• _Exercise goal_
Scan the records for the word "Cover". Copy each line that includes it.

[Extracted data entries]
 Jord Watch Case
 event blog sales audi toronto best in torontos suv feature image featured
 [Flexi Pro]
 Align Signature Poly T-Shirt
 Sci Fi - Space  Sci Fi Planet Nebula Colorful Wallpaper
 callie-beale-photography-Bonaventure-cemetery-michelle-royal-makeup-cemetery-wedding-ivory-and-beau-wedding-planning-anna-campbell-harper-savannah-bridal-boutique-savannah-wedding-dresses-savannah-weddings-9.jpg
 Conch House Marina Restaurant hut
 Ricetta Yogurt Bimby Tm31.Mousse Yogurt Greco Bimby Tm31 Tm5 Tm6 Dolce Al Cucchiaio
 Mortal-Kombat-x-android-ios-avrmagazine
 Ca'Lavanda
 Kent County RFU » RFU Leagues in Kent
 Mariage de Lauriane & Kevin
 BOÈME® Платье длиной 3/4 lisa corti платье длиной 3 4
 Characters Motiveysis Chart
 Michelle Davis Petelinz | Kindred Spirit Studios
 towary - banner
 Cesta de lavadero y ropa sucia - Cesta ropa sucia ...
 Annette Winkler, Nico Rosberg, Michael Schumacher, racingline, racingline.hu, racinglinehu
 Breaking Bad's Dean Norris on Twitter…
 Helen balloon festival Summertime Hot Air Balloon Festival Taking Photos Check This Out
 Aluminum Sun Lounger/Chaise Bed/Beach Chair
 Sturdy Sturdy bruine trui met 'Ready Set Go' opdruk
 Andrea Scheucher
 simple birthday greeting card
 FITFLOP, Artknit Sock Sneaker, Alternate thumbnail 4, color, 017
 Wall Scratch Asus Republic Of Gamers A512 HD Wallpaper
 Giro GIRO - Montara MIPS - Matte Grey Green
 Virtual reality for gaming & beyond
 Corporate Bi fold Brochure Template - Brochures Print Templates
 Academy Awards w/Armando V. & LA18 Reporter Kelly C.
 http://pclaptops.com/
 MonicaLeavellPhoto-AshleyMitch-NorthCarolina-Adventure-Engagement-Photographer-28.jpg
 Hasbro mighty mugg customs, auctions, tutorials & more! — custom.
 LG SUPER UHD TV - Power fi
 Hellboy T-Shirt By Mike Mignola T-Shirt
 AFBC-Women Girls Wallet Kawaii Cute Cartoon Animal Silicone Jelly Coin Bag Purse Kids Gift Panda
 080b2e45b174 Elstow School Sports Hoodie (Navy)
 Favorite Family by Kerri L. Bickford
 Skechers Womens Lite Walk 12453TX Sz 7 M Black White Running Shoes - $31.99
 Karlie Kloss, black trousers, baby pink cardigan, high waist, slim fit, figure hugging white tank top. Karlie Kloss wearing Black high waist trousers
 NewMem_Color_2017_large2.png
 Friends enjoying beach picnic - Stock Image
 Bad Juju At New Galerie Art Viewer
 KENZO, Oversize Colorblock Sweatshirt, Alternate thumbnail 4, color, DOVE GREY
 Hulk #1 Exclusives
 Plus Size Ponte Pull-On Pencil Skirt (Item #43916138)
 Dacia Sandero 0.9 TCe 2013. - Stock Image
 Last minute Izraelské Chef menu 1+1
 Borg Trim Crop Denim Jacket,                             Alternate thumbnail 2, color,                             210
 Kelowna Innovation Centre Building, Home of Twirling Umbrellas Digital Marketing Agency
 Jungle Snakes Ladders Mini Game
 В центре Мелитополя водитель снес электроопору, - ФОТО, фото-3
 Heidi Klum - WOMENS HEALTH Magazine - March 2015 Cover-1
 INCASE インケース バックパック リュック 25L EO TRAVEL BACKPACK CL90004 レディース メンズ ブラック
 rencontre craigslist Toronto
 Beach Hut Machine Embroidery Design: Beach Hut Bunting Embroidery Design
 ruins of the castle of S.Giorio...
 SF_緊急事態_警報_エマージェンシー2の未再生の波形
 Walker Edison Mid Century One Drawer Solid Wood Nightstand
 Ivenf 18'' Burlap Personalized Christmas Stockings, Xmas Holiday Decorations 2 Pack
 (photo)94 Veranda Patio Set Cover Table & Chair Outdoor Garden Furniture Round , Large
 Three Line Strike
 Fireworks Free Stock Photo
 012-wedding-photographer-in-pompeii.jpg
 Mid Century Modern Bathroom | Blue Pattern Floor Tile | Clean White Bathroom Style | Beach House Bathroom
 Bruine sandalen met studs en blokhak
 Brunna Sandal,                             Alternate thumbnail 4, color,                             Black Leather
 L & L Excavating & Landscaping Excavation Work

• _Answer section_
 Heidi Klum - WOMENS HEALTH Magazine - March 2015 Cover-1
 (photo)94 Veranda Patio Set Cover Table & Chair Outdoor Garden Furniture Round , Large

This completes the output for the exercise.